• [Problem details] Every line below from the one with "Корм для собак VEDA Фитомины, функциональный, с" through the one with "Un jeune garçon" should be retyped exactly, both ends included; no other lines and no pictures.

• [Records for this exercise]
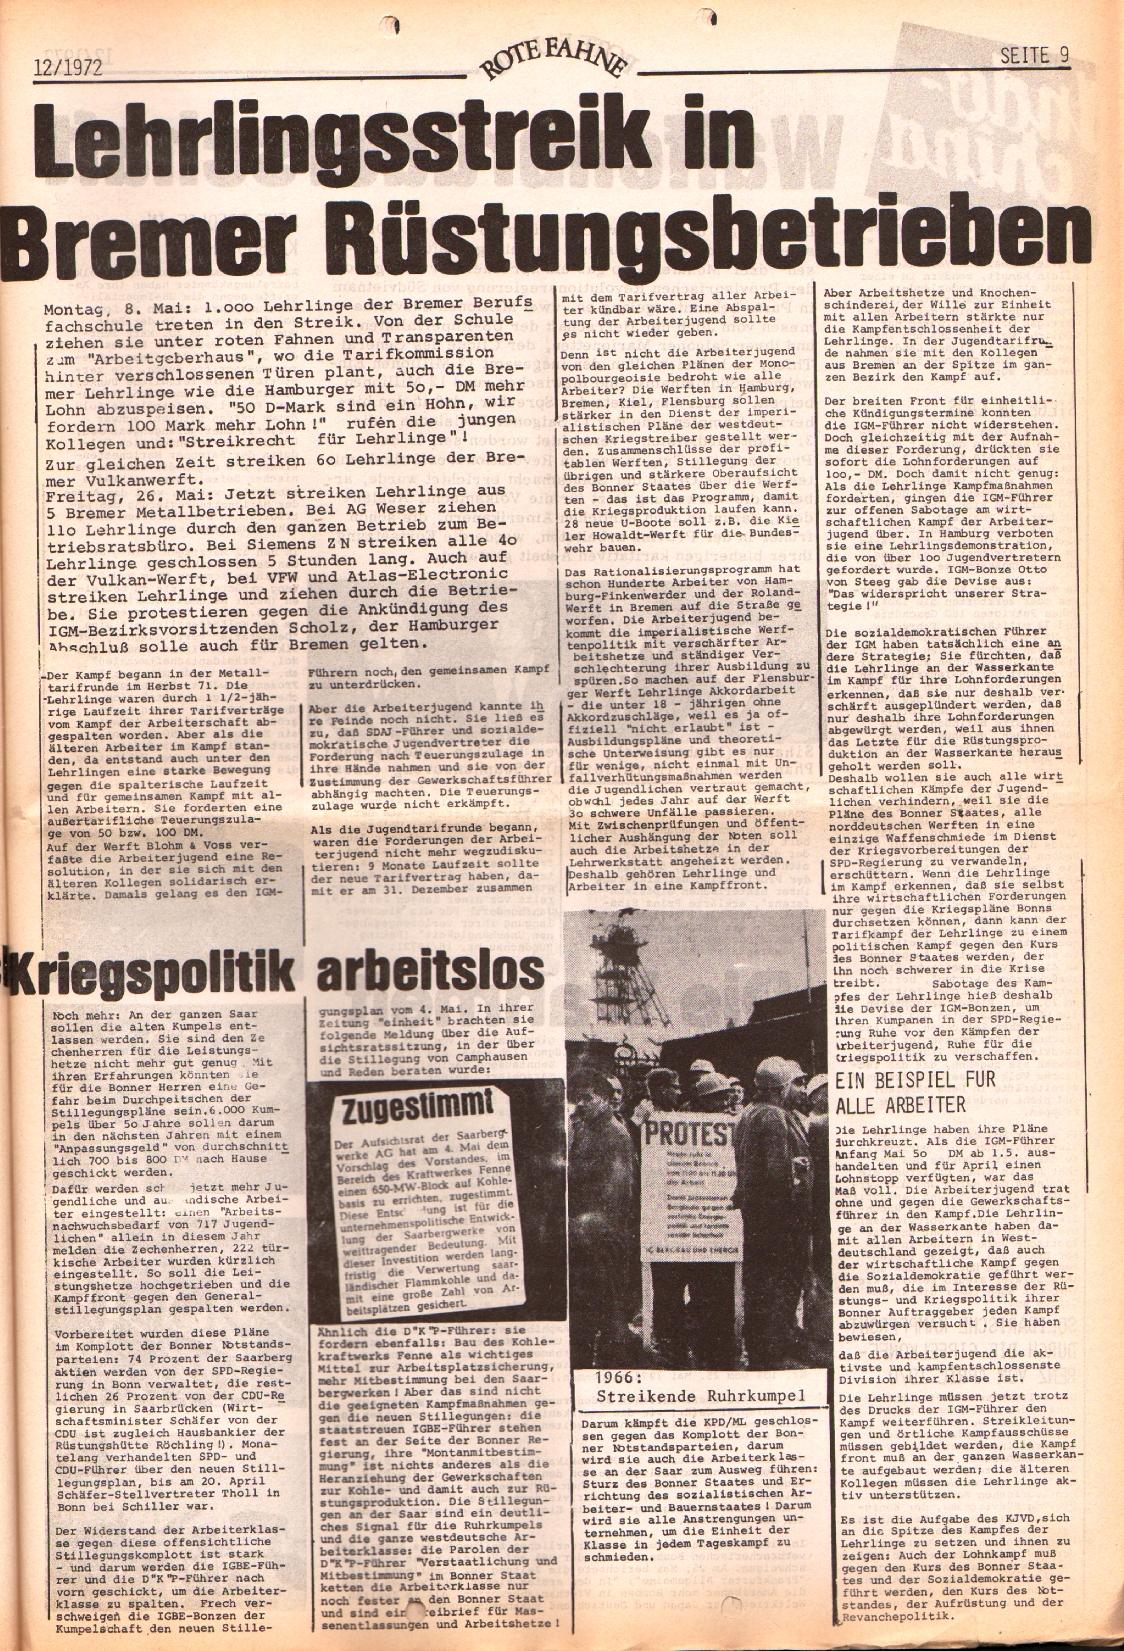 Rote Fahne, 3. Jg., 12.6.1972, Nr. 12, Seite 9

--

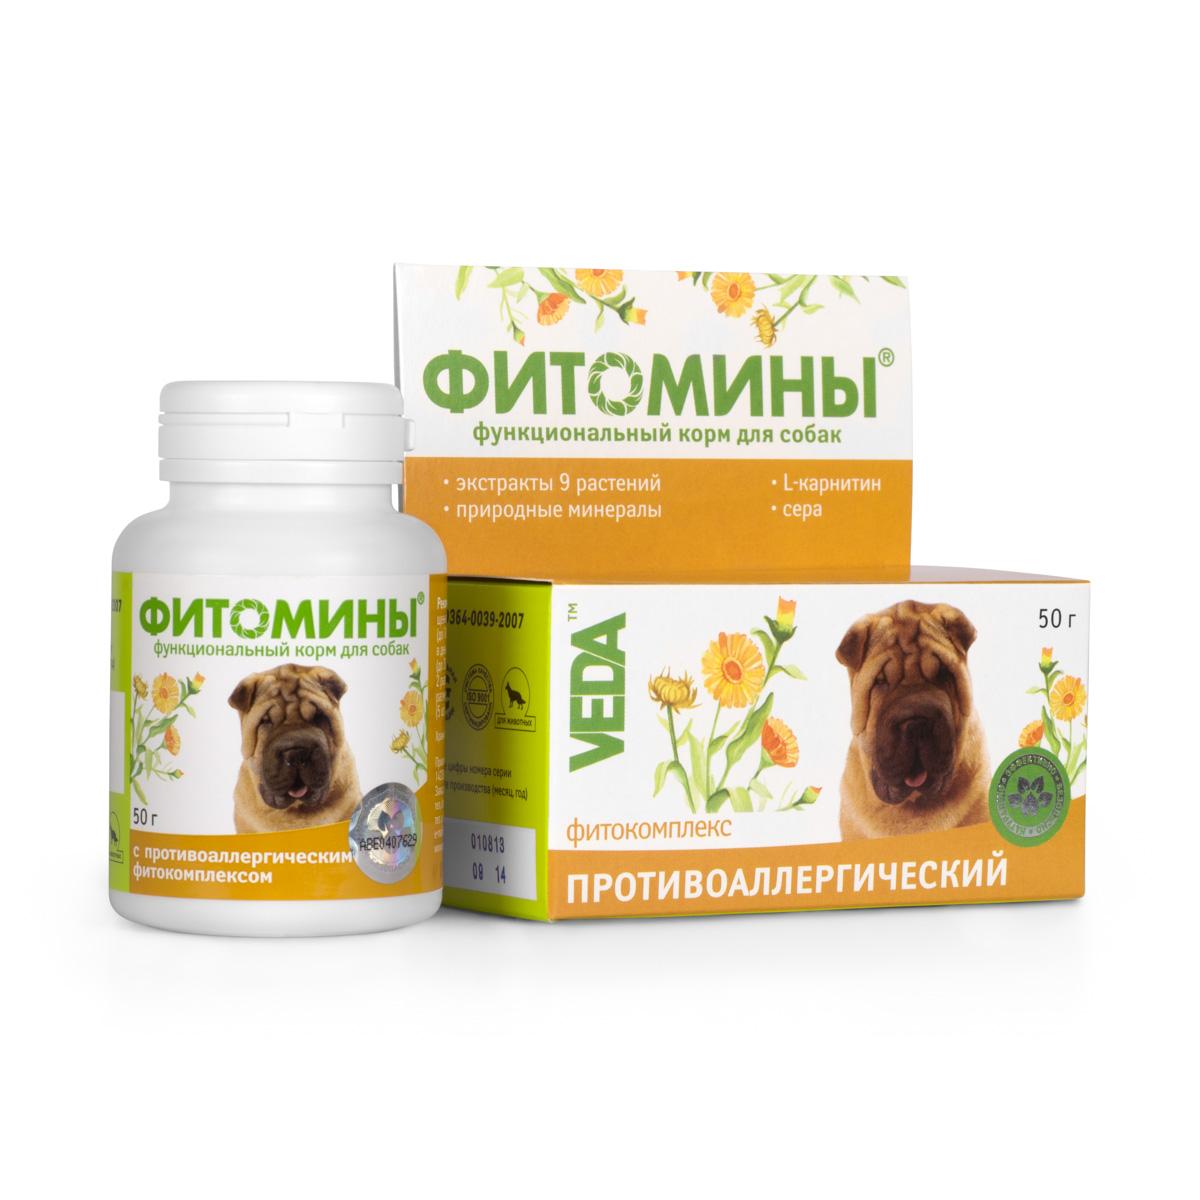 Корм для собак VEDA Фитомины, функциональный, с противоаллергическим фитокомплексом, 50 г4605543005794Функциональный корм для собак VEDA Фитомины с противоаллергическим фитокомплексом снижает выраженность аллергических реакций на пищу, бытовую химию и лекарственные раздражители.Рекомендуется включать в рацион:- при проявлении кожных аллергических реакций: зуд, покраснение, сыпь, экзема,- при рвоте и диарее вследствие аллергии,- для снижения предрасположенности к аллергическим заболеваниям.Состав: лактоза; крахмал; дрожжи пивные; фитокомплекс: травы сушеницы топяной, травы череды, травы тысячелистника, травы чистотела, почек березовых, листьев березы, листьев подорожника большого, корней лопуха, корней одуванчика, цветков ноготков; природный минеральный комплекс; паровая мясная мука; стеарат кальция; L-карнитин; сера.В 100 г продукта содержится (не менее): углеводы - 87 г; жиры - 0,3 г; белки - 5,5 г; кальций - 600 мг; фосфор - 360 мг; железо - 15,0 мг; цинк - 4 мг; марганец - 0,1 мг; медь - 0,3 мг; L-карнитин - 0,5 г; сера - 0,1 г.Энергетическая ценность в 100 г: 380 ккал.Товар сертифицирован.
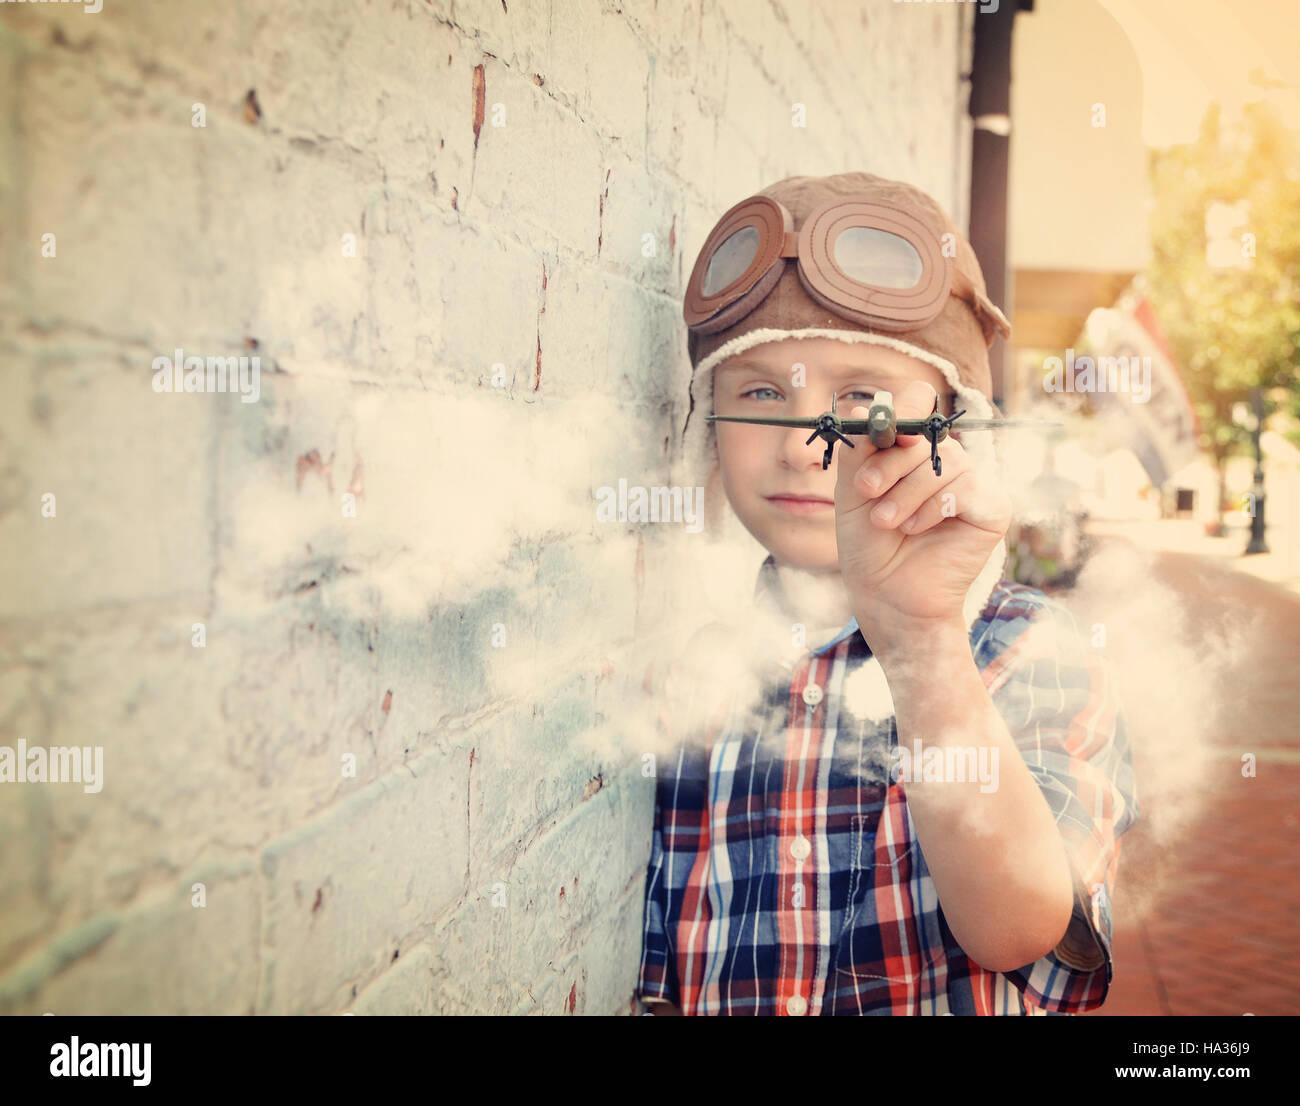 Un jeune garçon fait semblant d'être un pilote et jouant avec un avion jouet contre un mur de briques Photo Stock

• [Response]
 Корм для собак VEDA Фитомины, функциональный, с противоаллергическим фитокомплексом, 50 г4605543005794Функциональный корм для собак VEDA Фитомины с противоаллергическим фитокомплексом снижает выраженность аллергических реакций на пищу, бытовую химию и лекарственные раздражители.Рекомендуется включать в рацион:- при проявлении кожных аллергических реакций: зуд, покраснение, сыпь, экзема,- при рвоте и диарее вследствие аллергии,- для снижения предрасположенности к аллергическим заболеваниям.Состав: лактоза; крахмал; дрожжи пивные; фитокомплекс: травы сушеницы топяной, травы череды, травы тысячелистника, травы чистотела, почек березовых, листьев березы, листьев подорожника большого, корней лопуха, корней одуванчика, цветков ноготков; природный минеральный комплекс; паровая мясная мука; стеарат кальция; L-карнитин; сера.В 100 г продукта содержится (не менее): углеводы - 87 г; жиры - 0,3 г; белки - 5,5 г; кальций - 600 мг; фосфор - 360 мг; железо - 15,0 мг; цинк - 4 мг; марганец - 0,1 мг; медь - 0,3 мг; L-карнитин - 0,5 г; сера - 0,1 г.Энергетическая ценность в 100 г: 380 ккал.Товар сертифицирован.
 Un jeune garçon fait semblant d'être un pilote et jouant avec un avion jouet contre un mur de briques Photo Stock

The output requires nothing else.